%%
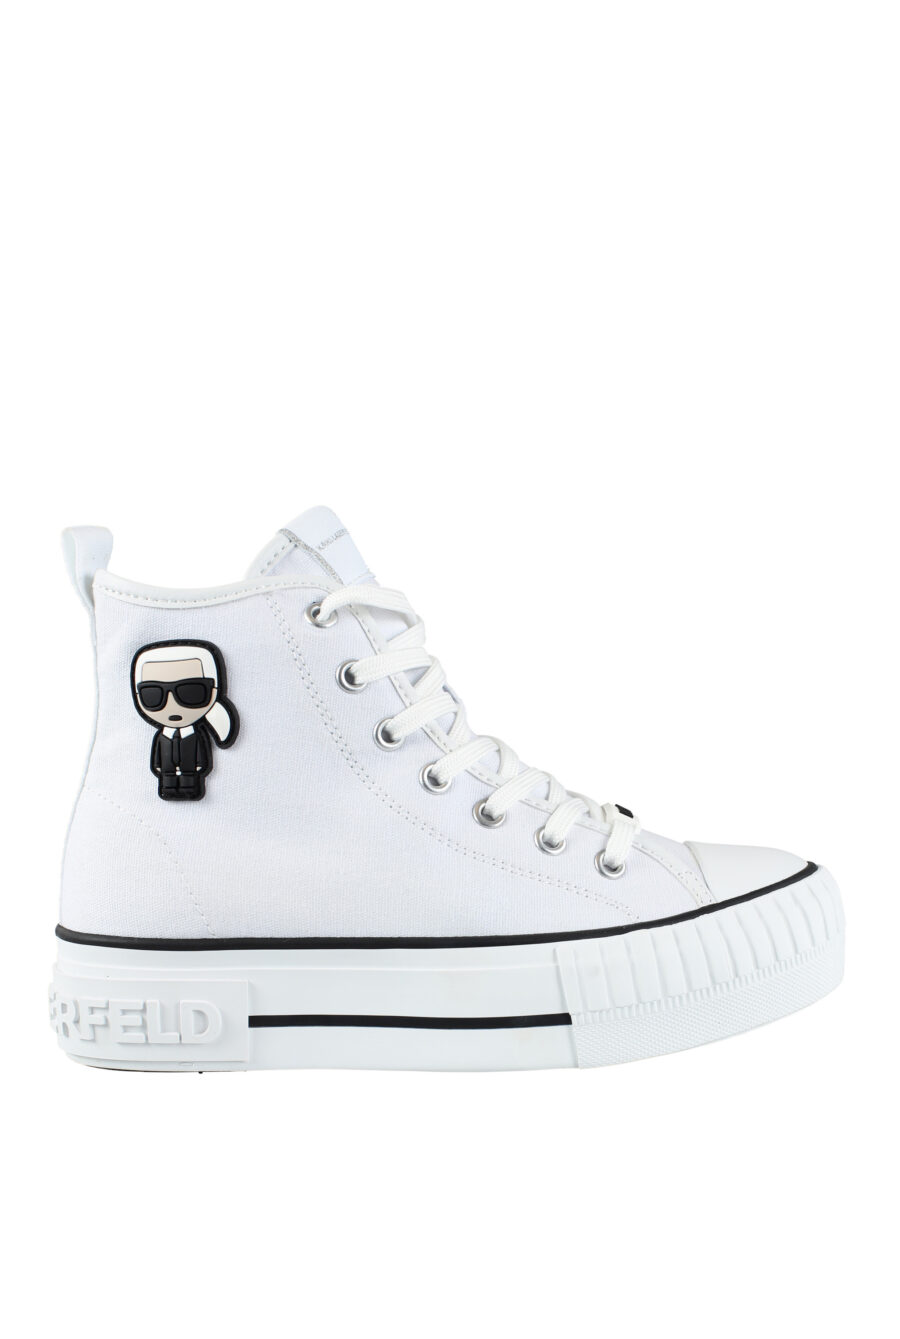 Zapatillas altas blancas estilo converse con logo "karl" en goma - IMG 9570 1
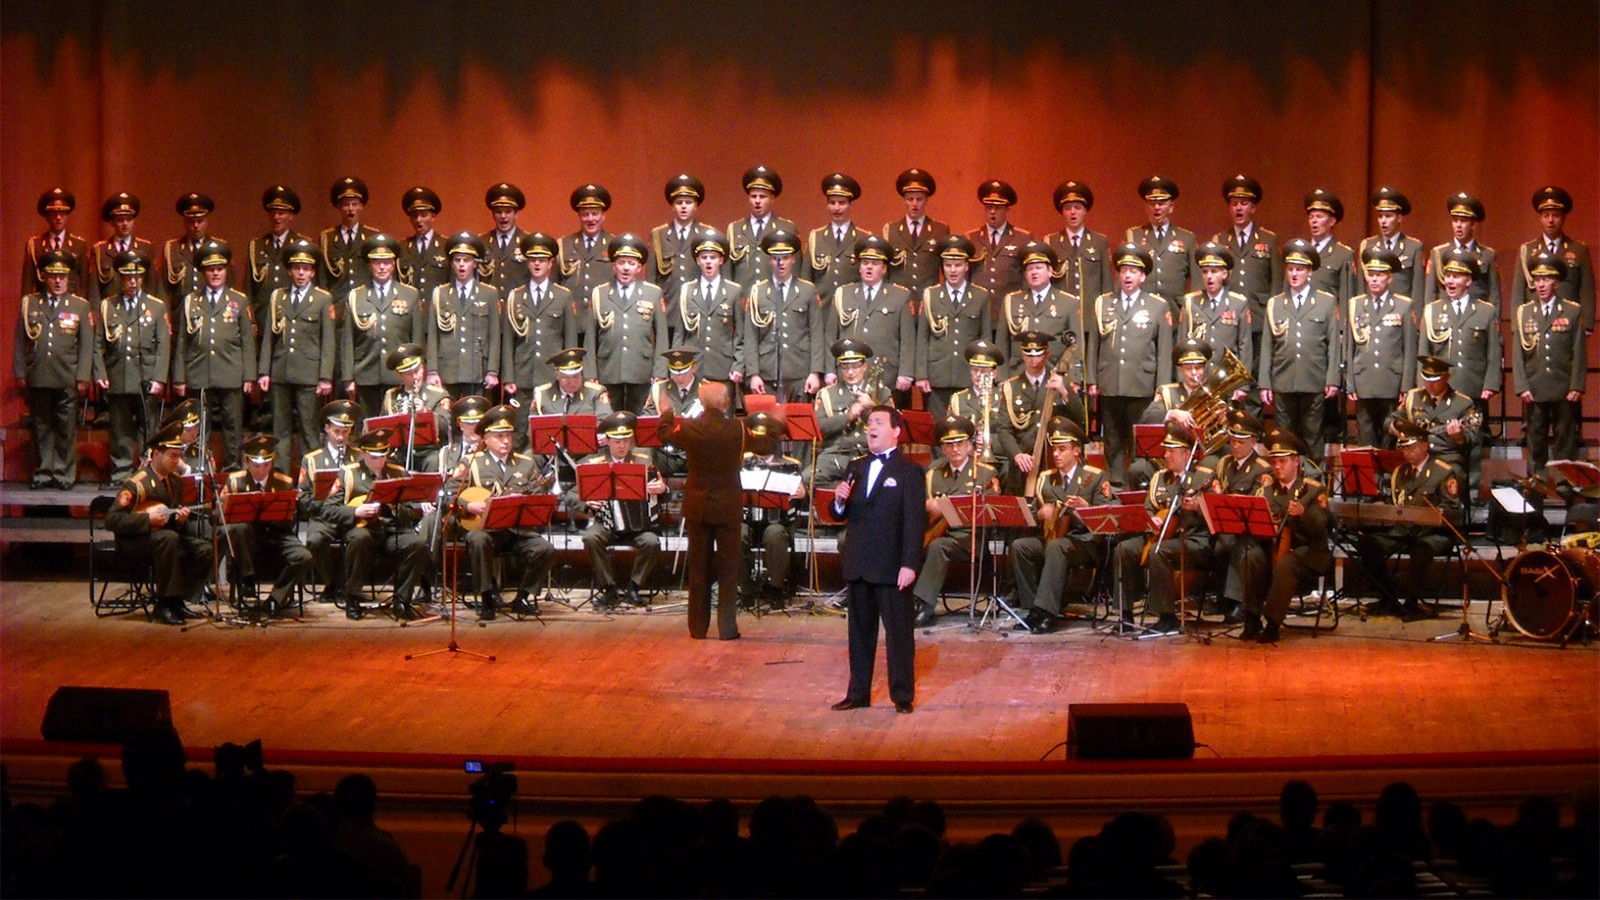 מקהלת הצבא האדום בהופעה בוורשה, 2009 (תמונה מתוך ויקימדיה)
%%
%%
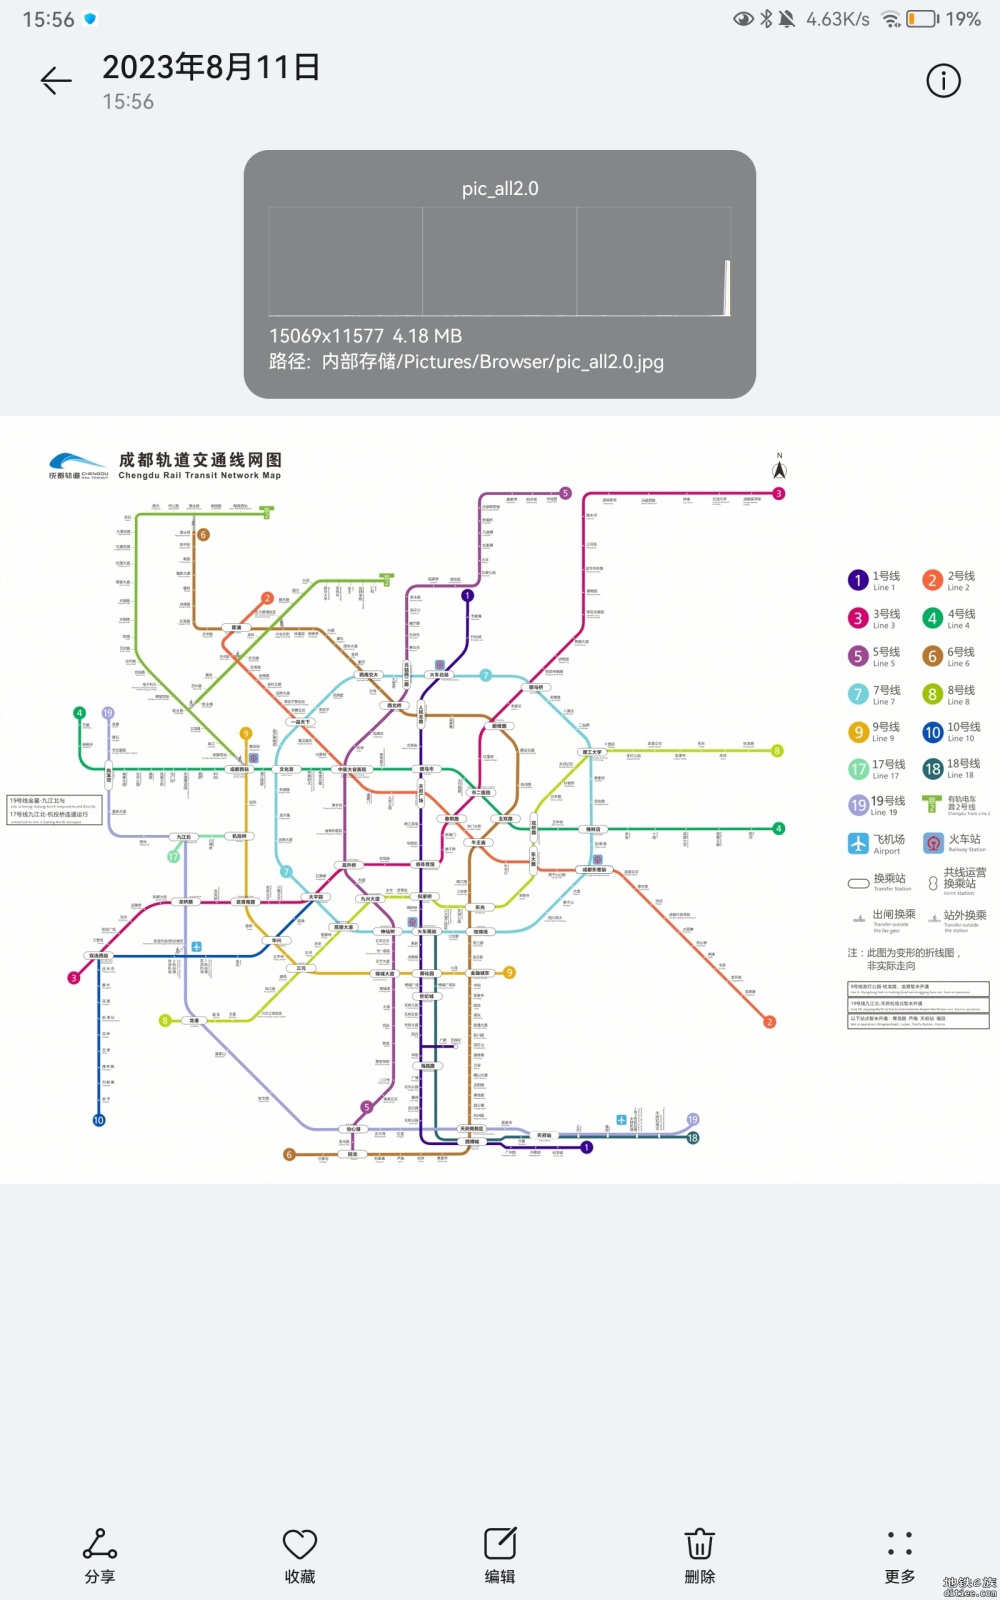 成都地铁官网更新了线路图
%%
%%
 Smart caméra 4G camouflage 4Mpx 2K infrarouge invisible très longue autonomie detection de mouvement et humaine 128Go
%%
EXERCISE DESCRIPTION: Return word for word the lines of the listing above, starting at the line with "Zapatillas altas blancas" and ending at the line with "מקהלת הצבא האדום", both included. Pictures do not belong in the copy.

WRITTEN ANSWER:
 Zapatillas altas blancas estilo converse con logo "karl" en goma - IMG 9570 1
 מקהלת הצבא האדום בהופעה בוורשה, 2009 (תמונה מתוך ויקימדיה)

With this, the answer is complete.